Problem statement.
Transcribe, starting at the line with "Sandymount Print Shirt - White Multi" and ending at the line with "Kits by BK-201", every line of the material below exactly, but leave out the pictures and anything outside that span.

##### Recorded data #####

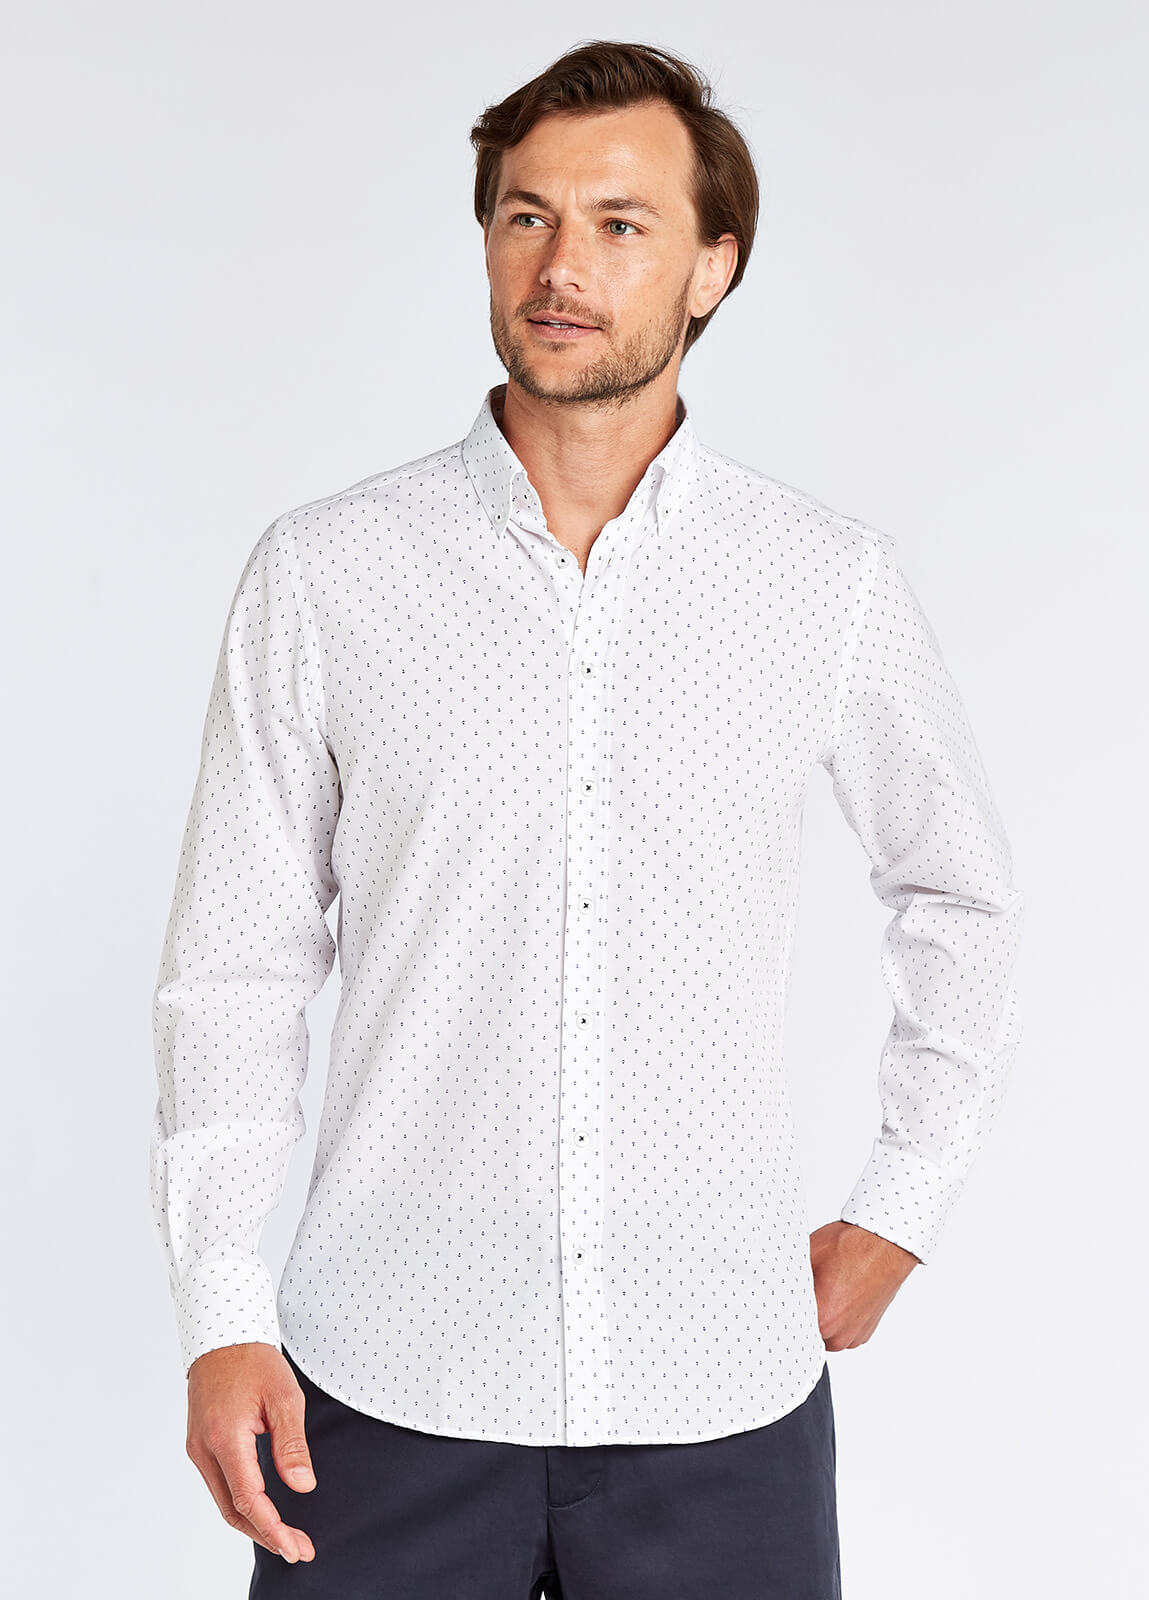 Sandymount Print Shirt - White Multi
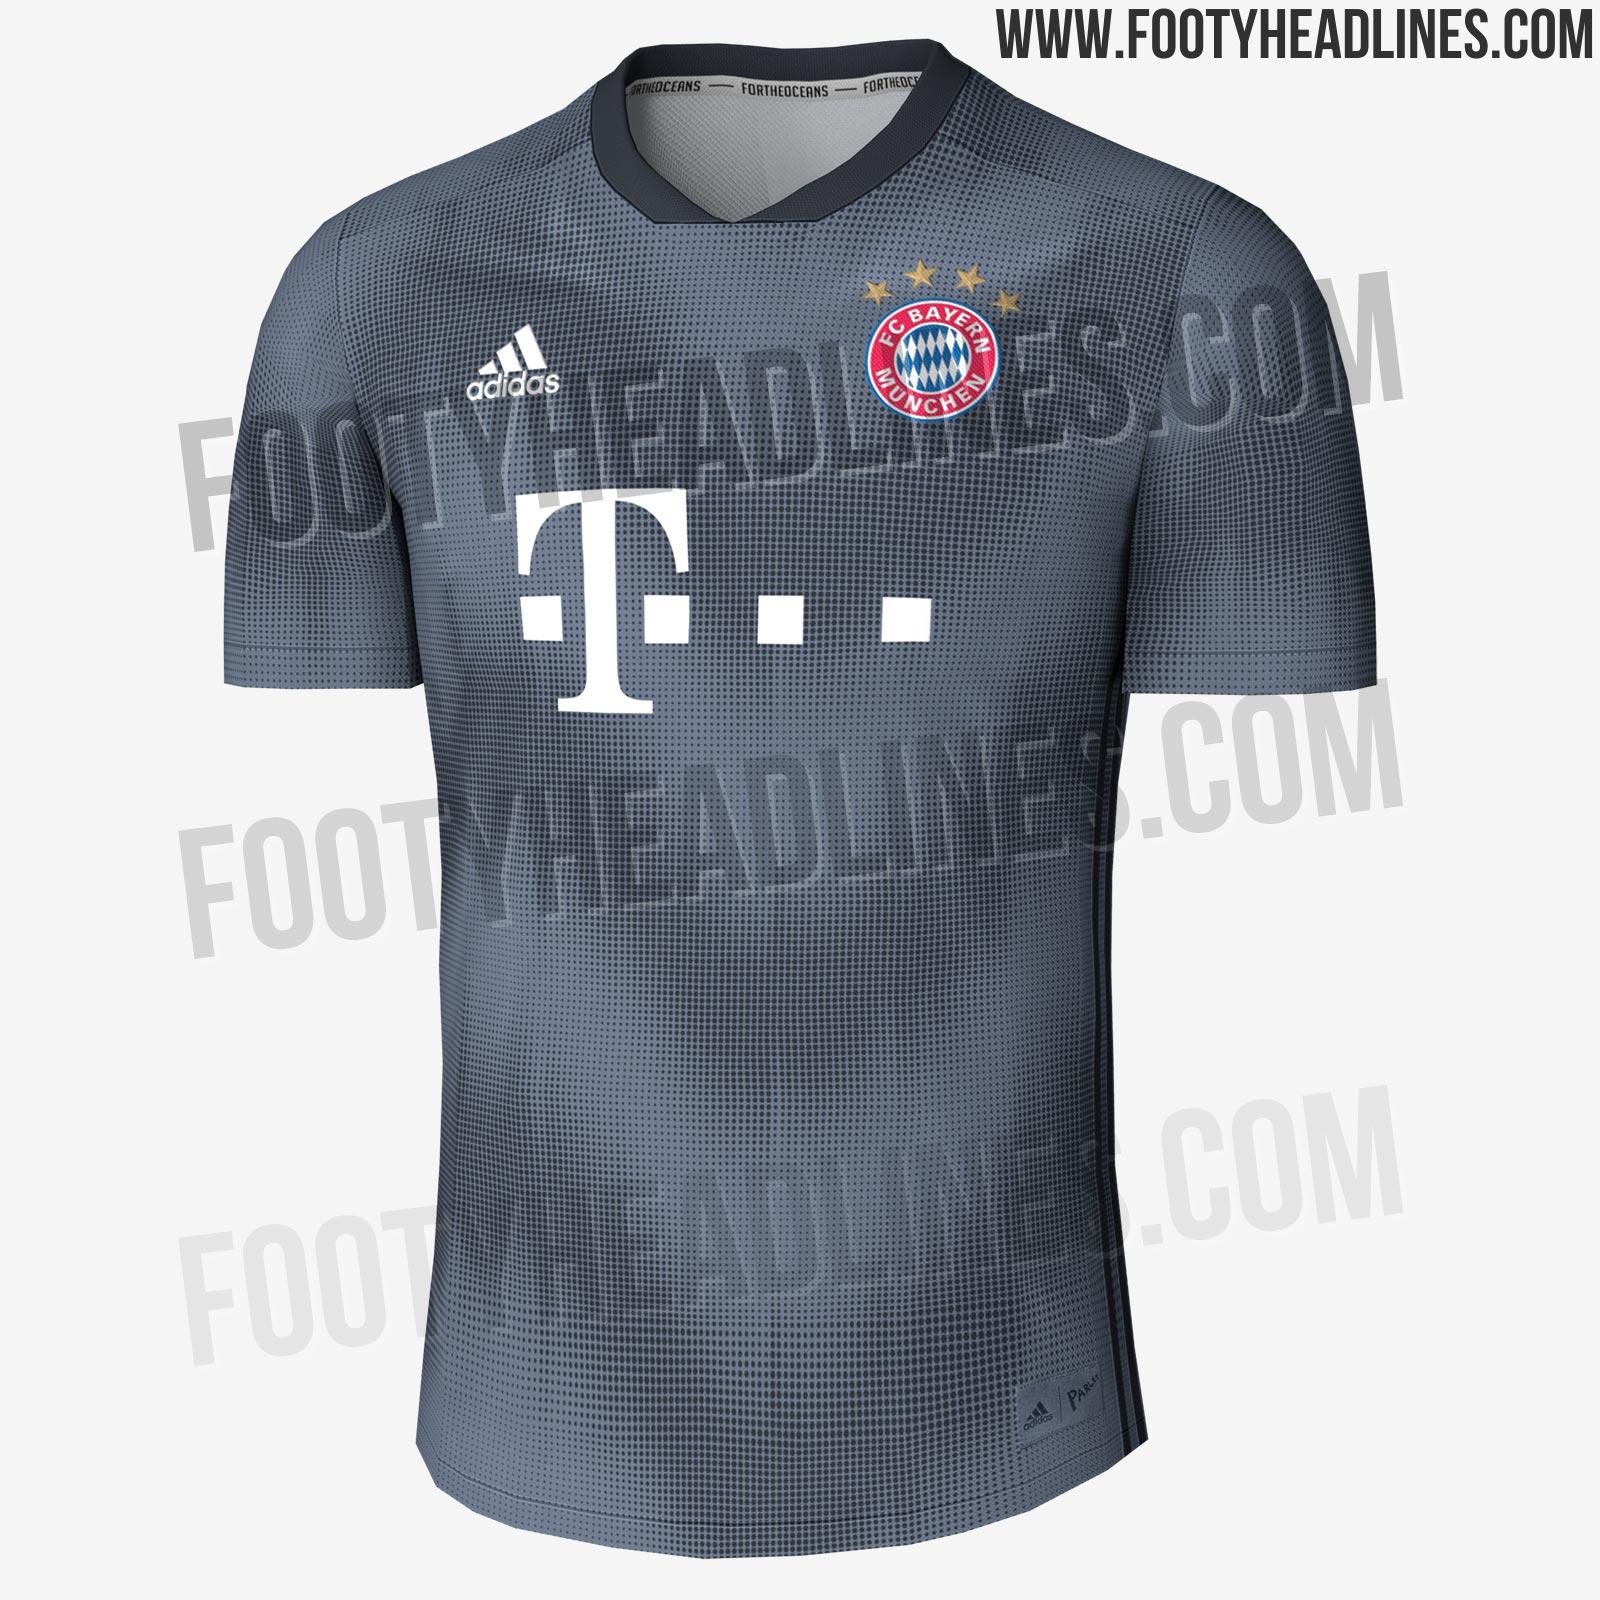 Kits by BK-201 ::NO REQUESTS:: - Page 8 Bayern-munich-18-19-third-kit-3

#####
##### Recorded data #####

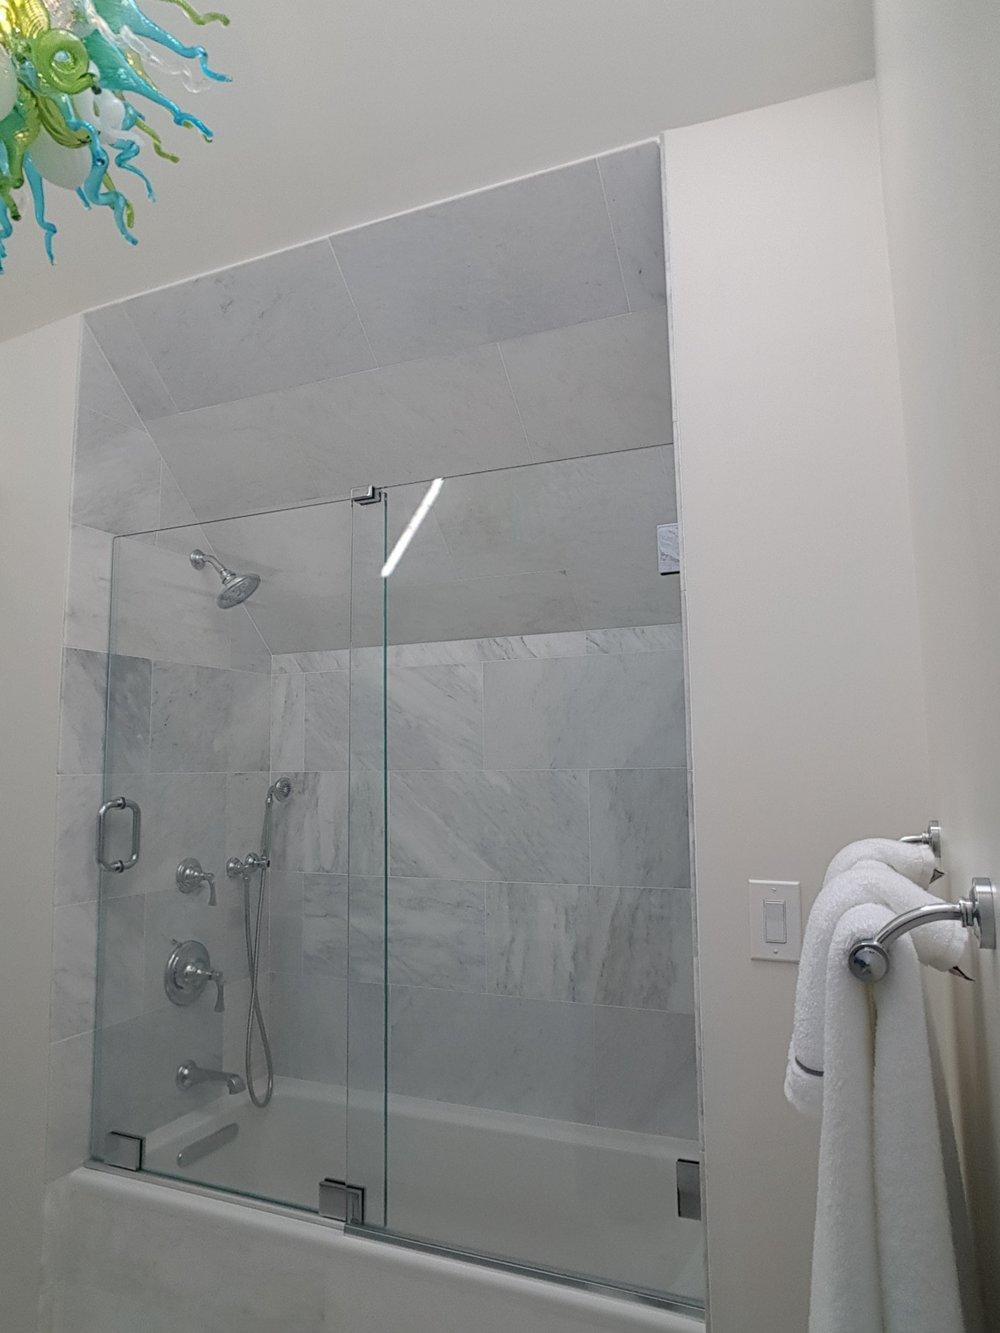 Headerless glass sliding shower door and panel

#####

Answer.
 Sandymount Print Shirt - White Multi
 Kits by BK-201 ::NO REQUESTS:: - Page 8 Bayern-munich-18-19-third-kit-3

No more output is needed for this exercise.